Fidelity deviation in quantum teleportation

TL;DR

This paper investigates the performance of quantum teleportation by analyzing average fidelity and fidelity deviation, providing conditions for optimization under noisy channels and exploring the relationship between entanglement and teleportation quality.

Contribution

It introduces a framework to evaluate and optimize both average fidelity and fidelity deviation in noisy quantum channels, linking entanglement and Bell inequality violation.

Findings

Identifies conditions to optimize fidelity measures under Werner channel noise.

Defines a performance space connecting fidelity measures and channel noise.

Establishes a relationship between entanglement contribution and teleportation performance.

Abstract

We analyze the performance of quantum teleportation in terms of average fidelity and fidelity deviation.
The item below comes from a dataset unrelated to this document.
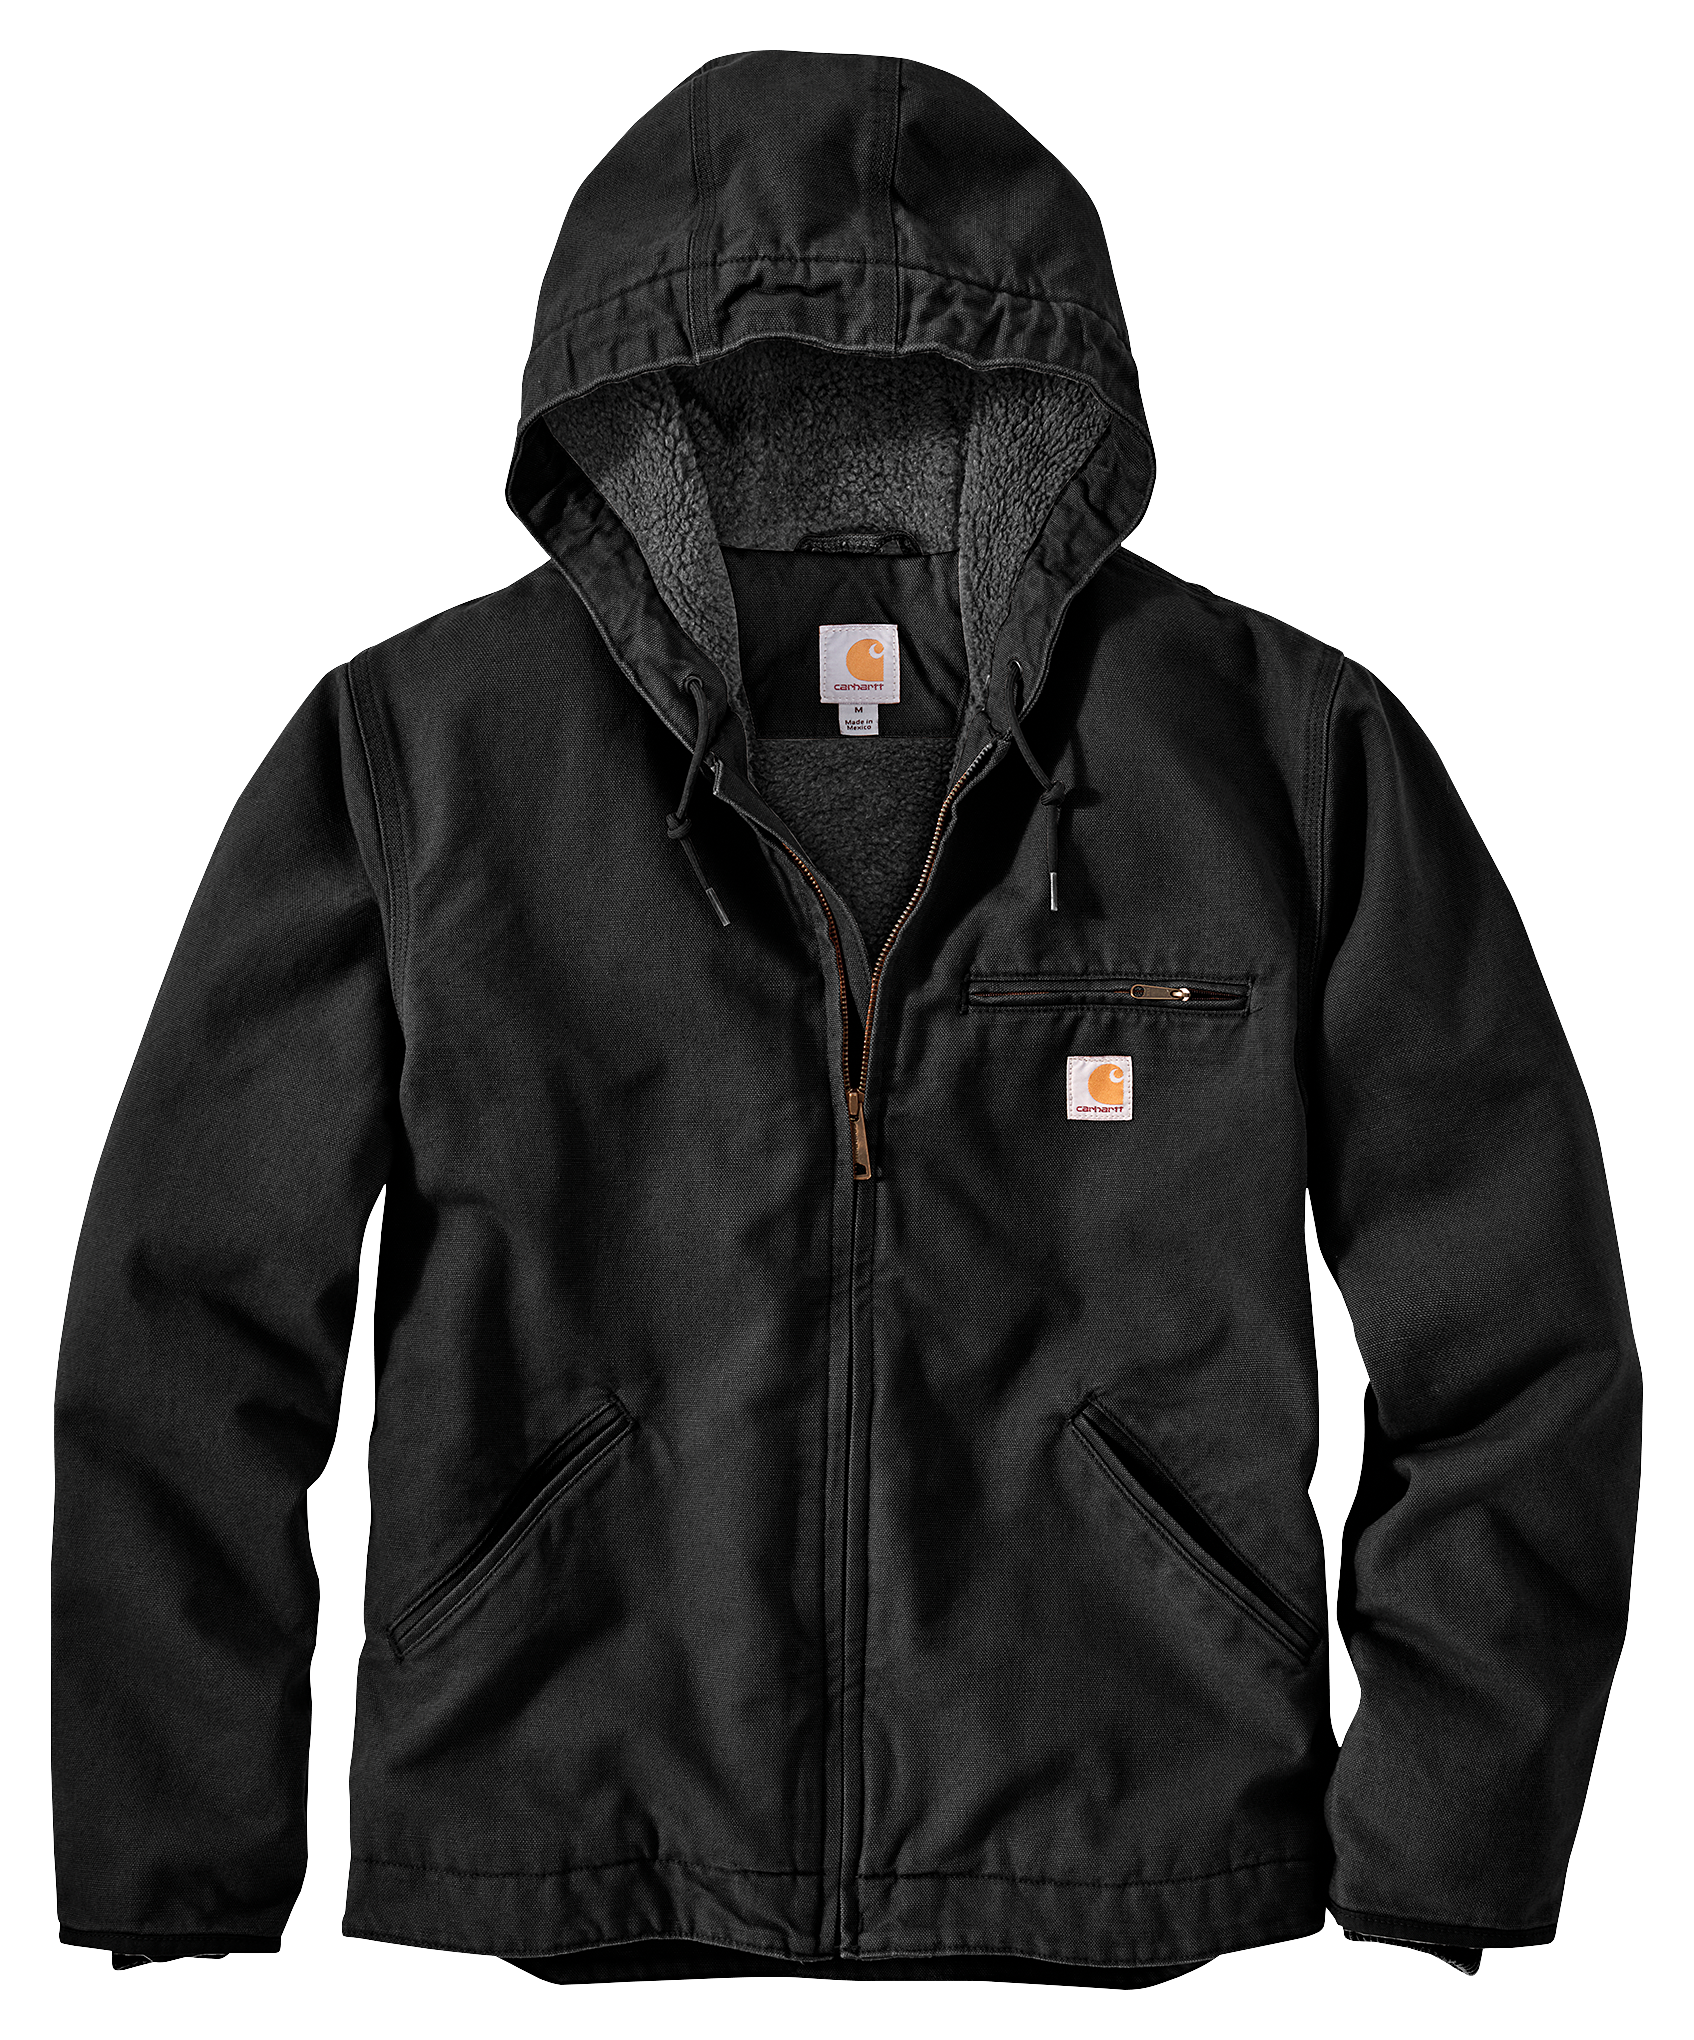 Carhartt Men's Washed Duck Sherpa Lined Jacket - Dark Brown,3XL

The average fidelity is defined as the average value of the fidelities over all possible input states and the fidelity deviation is their standard deviation, which is referred to as a concept of fluctuation or universality. In the analysis, we find the condition to optimize both measures under a noisy quantum channel---we here consider the so-called Werner channel. To characterize our results, we introduce a two-dimensional space defined by the aforementioned measures, in which the performance of the teleportation is represented as a point with the channel noise parameter. Through further analysis, we specify some regions drawn for different channel conditions, establishing the connection to the dissimilar contributions of the entanglement to the teleportation and the Bell inequality violation.